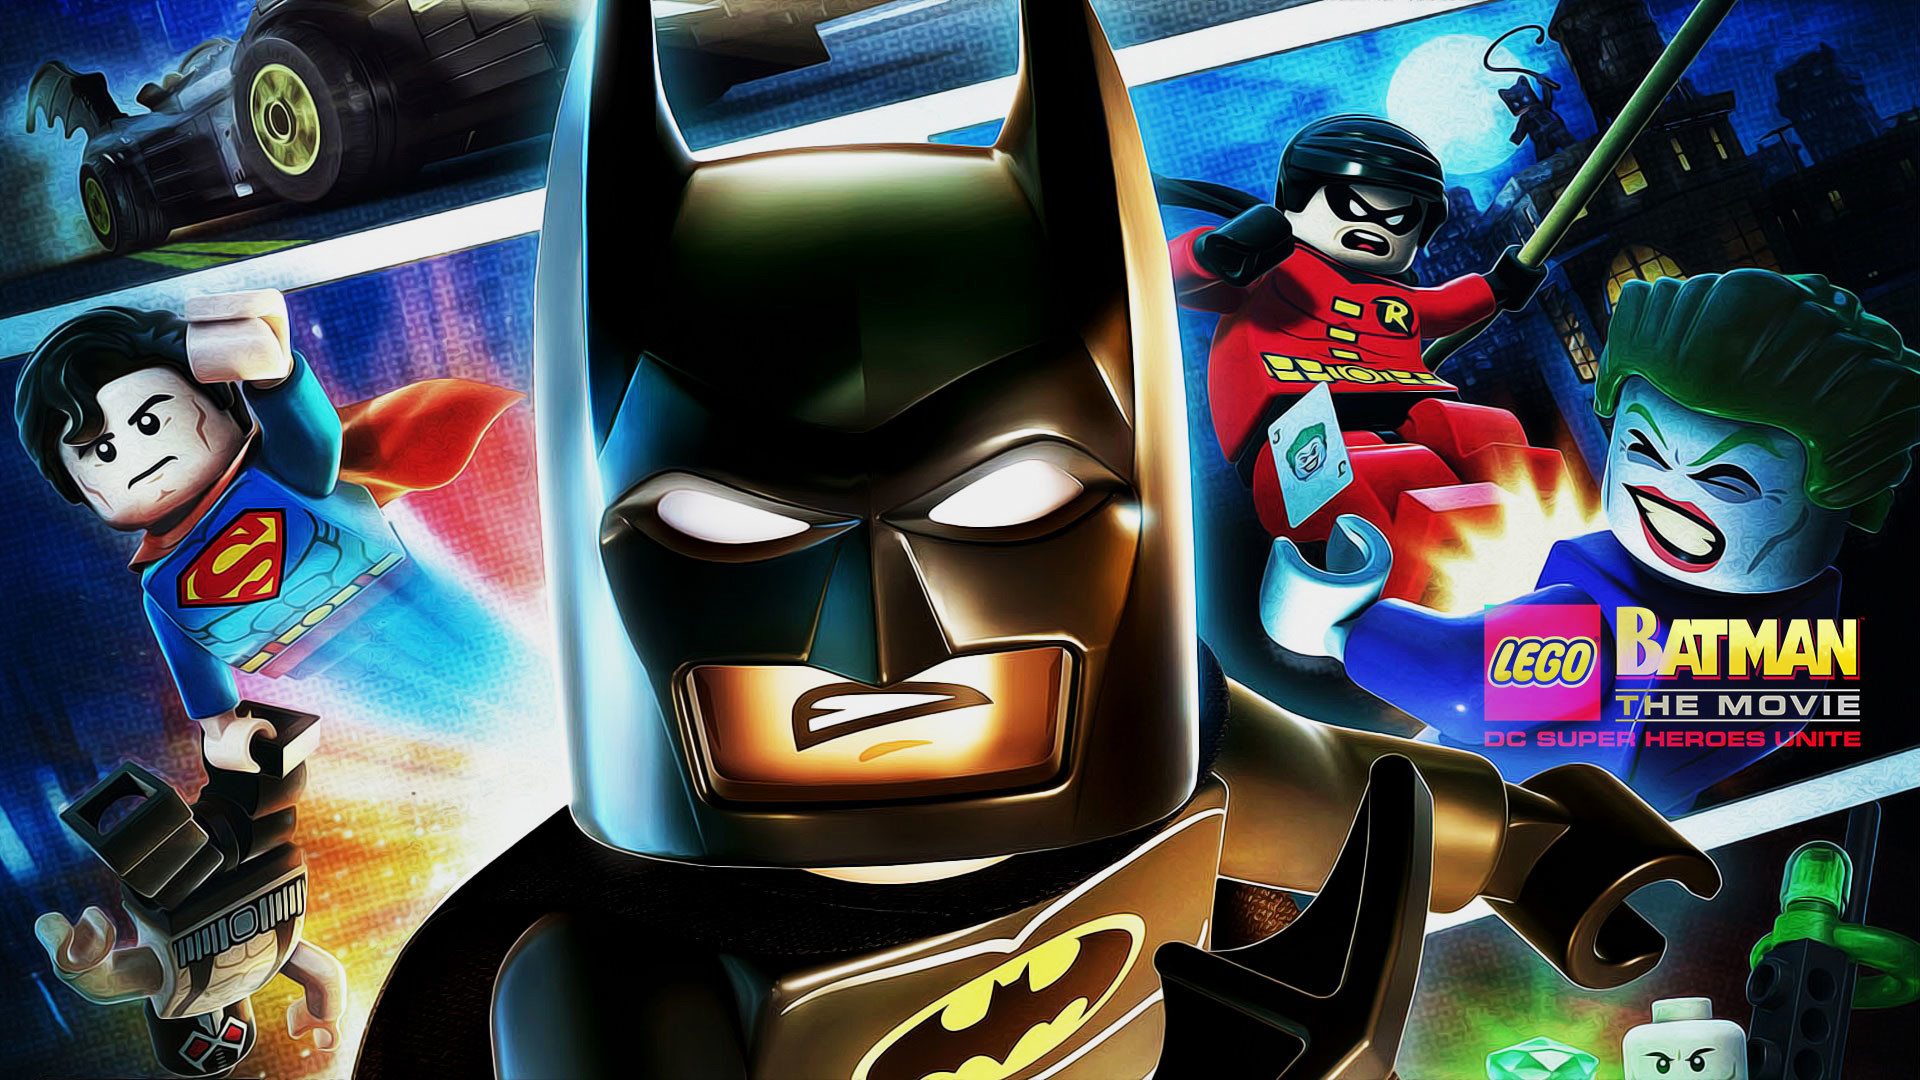 1920x1080 spin-off of The Lego Movie (2014) centering on the character of Batman
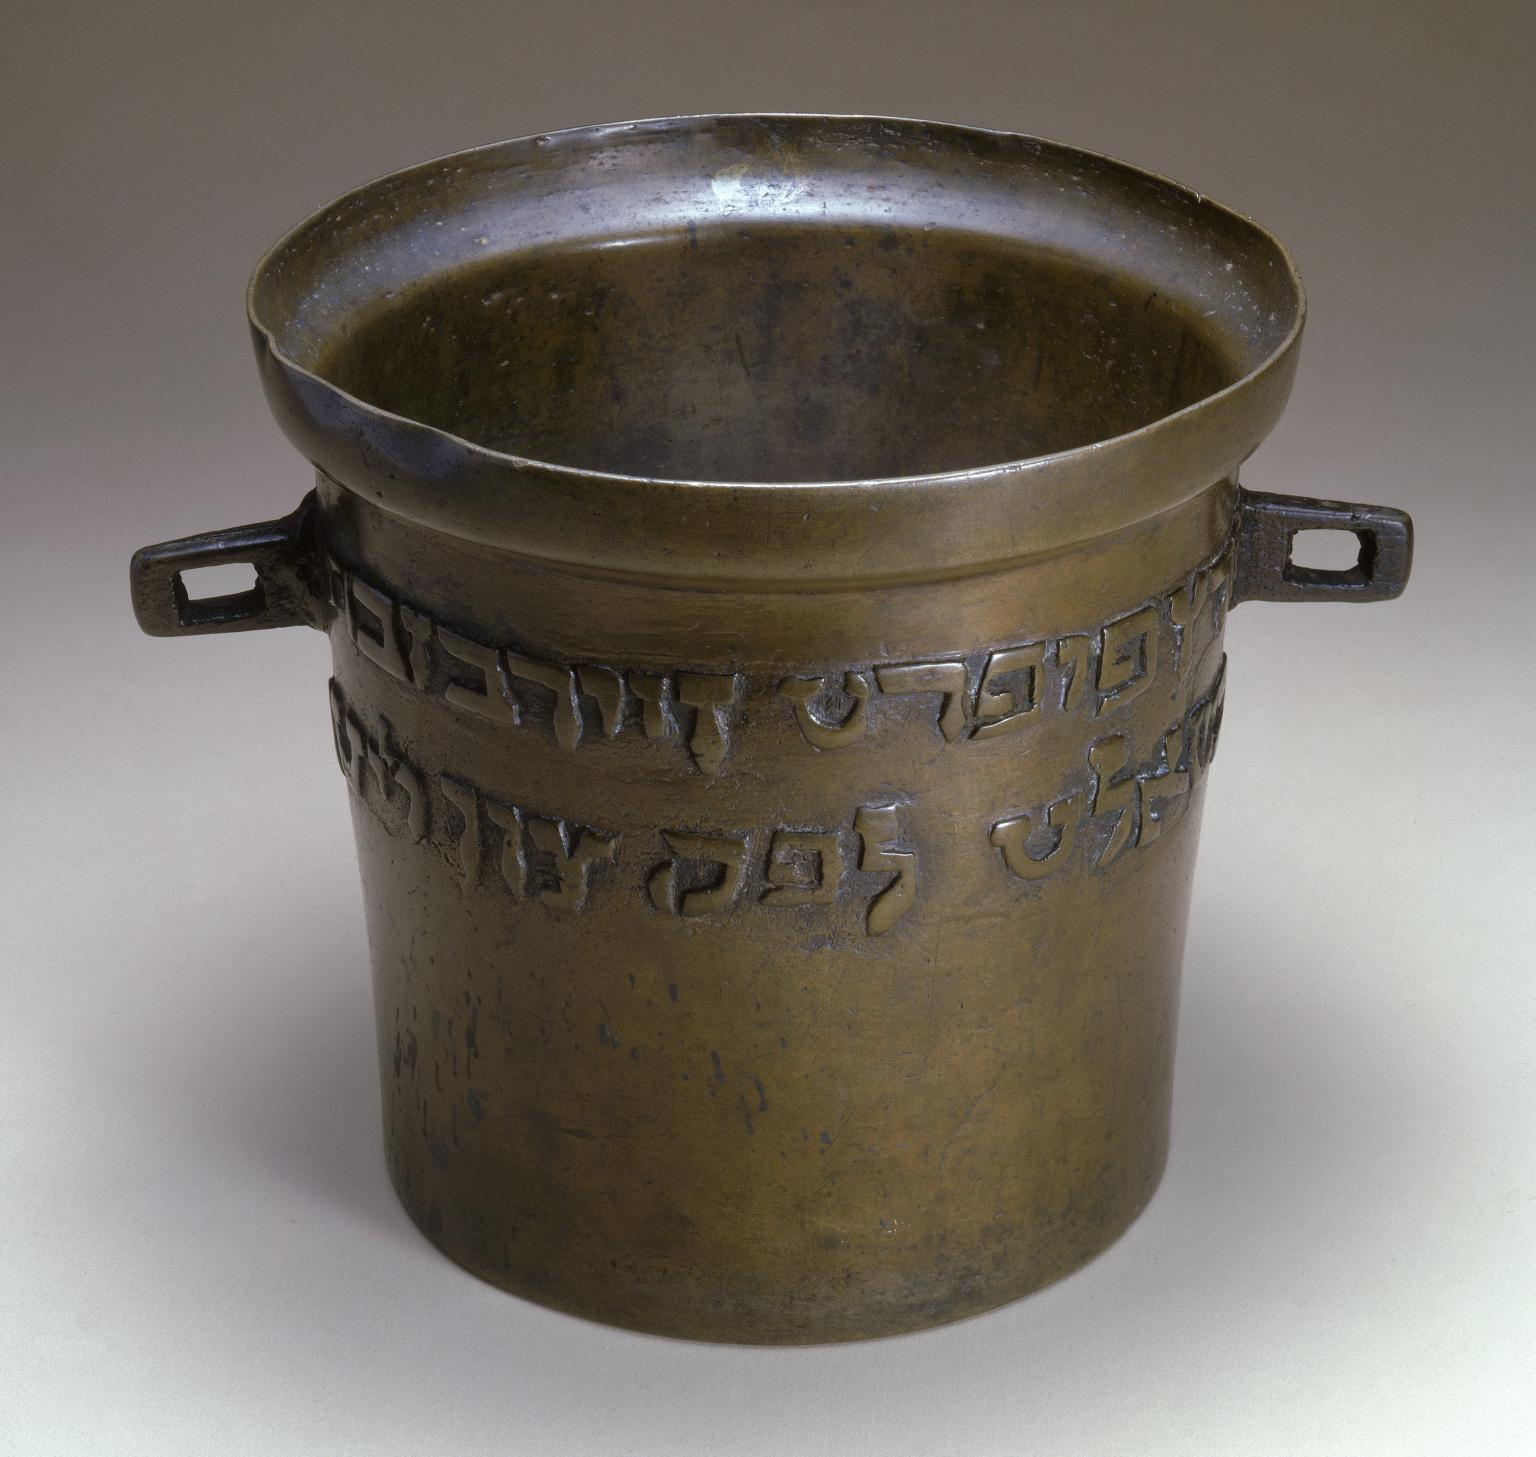 Pot with Hebrew inscription and two handles. 
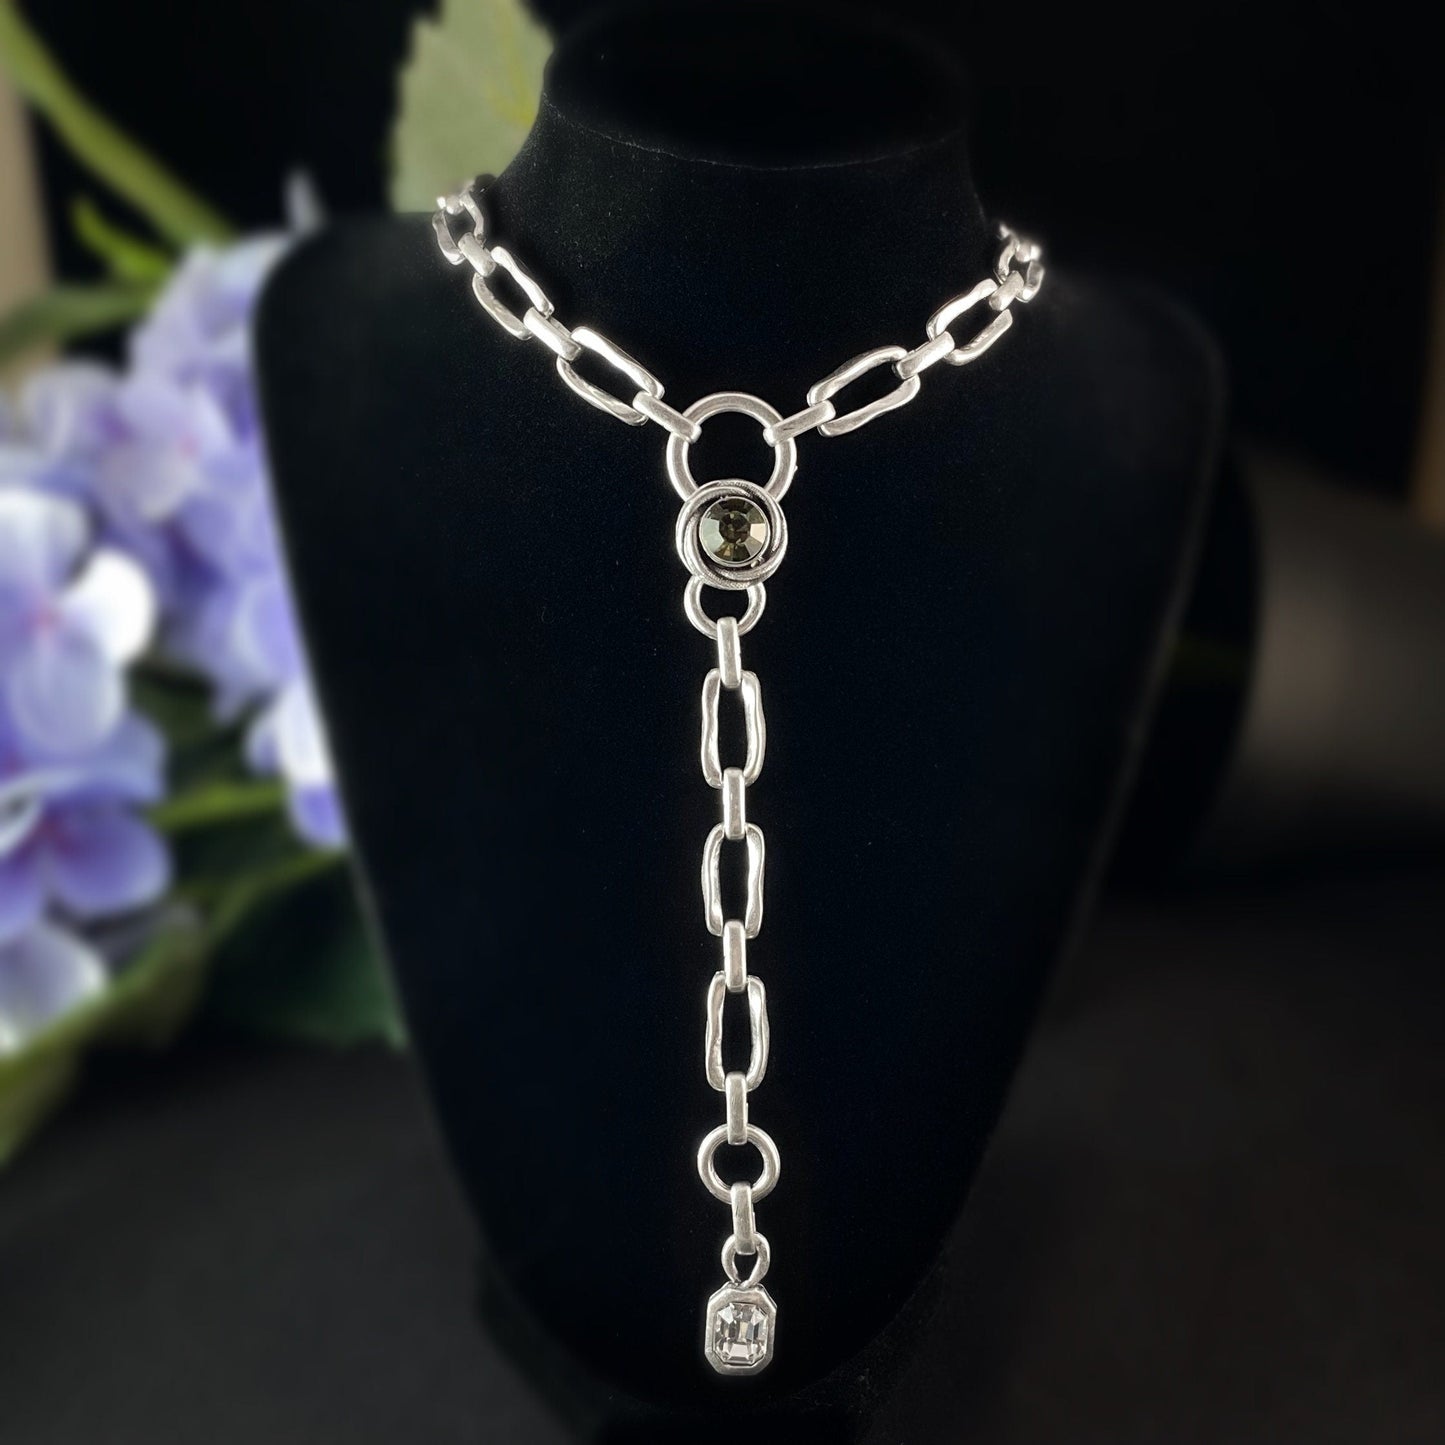 Long Silver Chain Link Necklace with Crystals, Handmade, Nickel Free

■ YOUR OBJECTIVE
Return all the data exactly, and keep the pictures out.

■ WRITTEN RESPONSE
 1920x1080 spin-off of The Lego Movie (2014) centering on the character of Batman
 Pot with Hebrew inscription and two handles. 
 Long Silver Chain Link Necklace with Crystals, Handmade, Nickel Free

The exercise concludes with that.